Но Малез не дал ему возможности продолжать. Парадоксальным образом только что услышанное отнюдь его не обескуражило, а еще больше укрепило в собственном мнении.

— Остается кураре! — бросил он.

И по внезапному волнению собеседника понял, что его стрела попала в цель.

— Кураре? — моргая, повторил доктор Фюрнель.

Он тяжело вздохнул:

— В Европе вы встретите мало подобных случаев. Что заставило вас вспомнить про кураре?

— Разрозненный набор, — ответил Малез.

И живо добавил:

— Передайте мне вашу книгу.

Он стремительно схватил ее и принялся энергично перелистывать:

— Вот что нам надо. «Кураре — южноамериканский сильнодействующий яд, добываемый из различных растений рода стрихнос. Действует, парализуя мускулы органов дыхания. Существует в виде смолистой массы черновато-коричневого цвета, растворимой в воде и спирте. Долгое время сохраняет свои отравляющие свойства…»

Малез весь дрожал от сдерживаемого возбуждения.

— Это еще не все! Послушайте… «Курарин — кристаллическое вещество, извлекаемое из кураре и обладающее аналогичными, но более сильными отравляющими свойствами. Примерно двадцатикратно превосходит кураре…»

С помертвевшим лицом доктор Фюрнель встал и теперь читал сам, заглядывая через плечо своего собеседника.

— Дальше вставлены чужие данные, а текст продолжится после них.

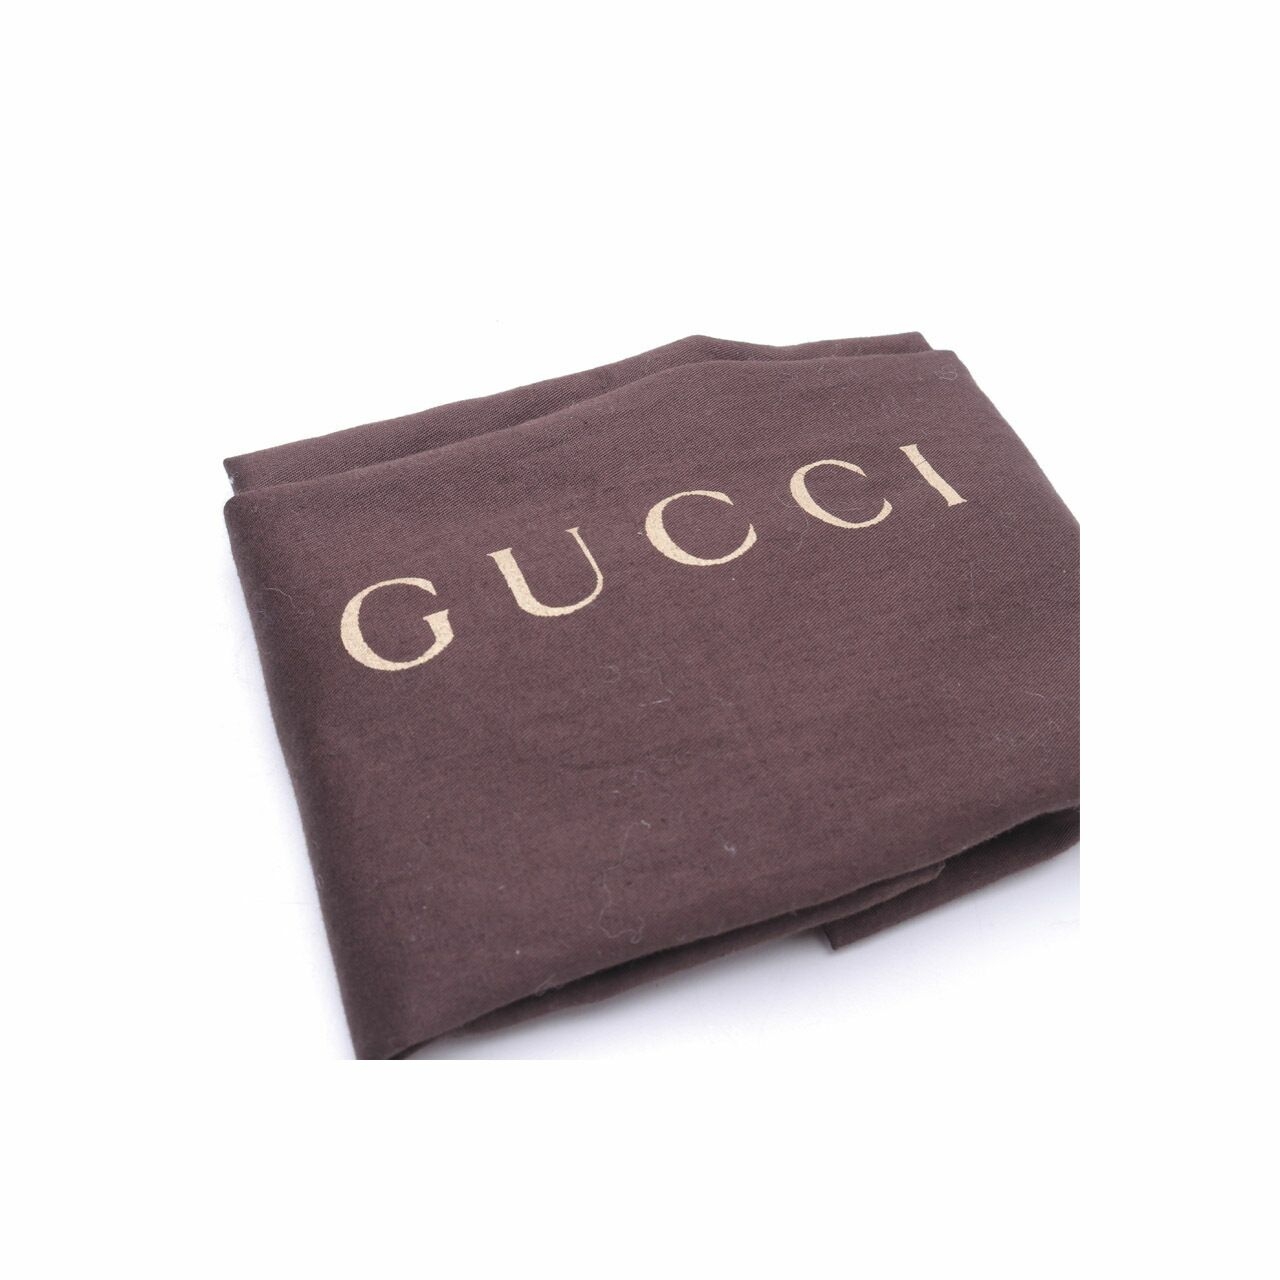 Gucci GG Marmont Matelassé Black Pearl Shoulder Bag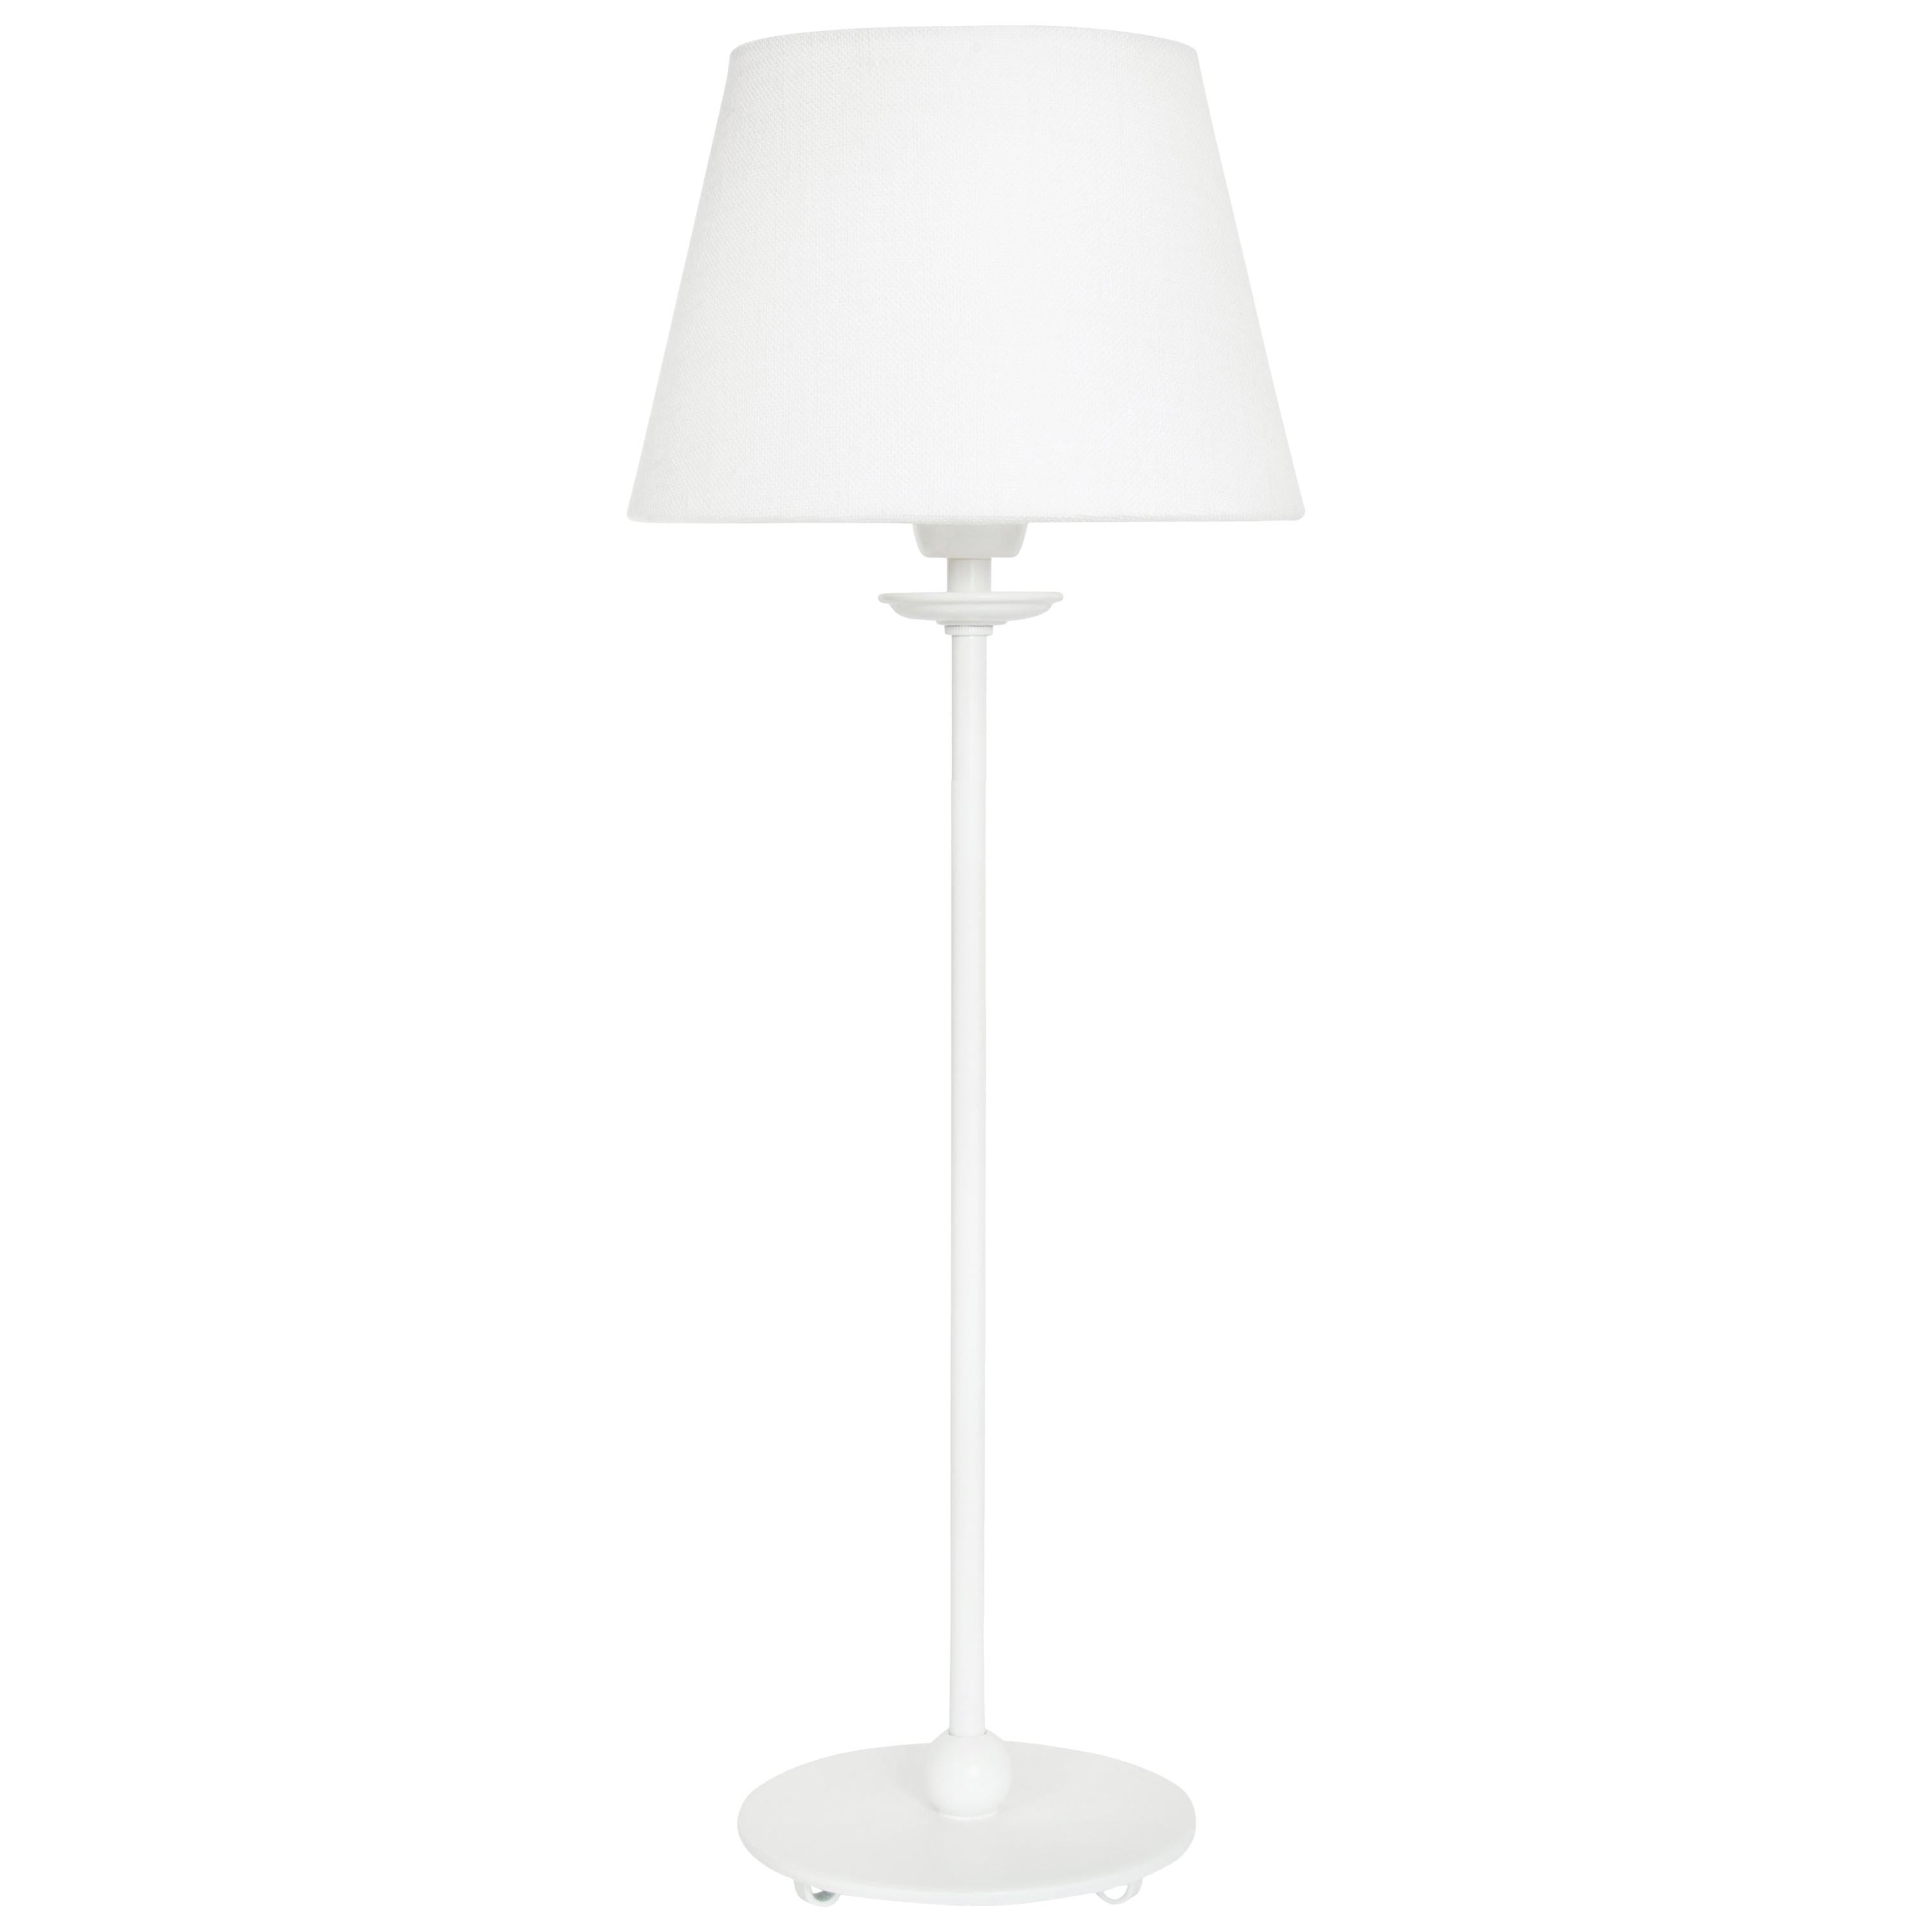 Konsthantverk Uno - Petite lampe de bureau blanche

— Ну, что вы на это скажете? — торжествовал Малез. — Сначала я не представлял, где в этой глуши убийца мог бы разыскать подобный яд. Но, чтобы его заполучить, ему было достаточно соскрести яд с наконечника дротика, который из предосторожности он, к тому же, поспешил убрать. Если у него есть какие-то медицинские знания, то, может быть, он сумел усилить токсическое действие яда, выделив его в форме курарина.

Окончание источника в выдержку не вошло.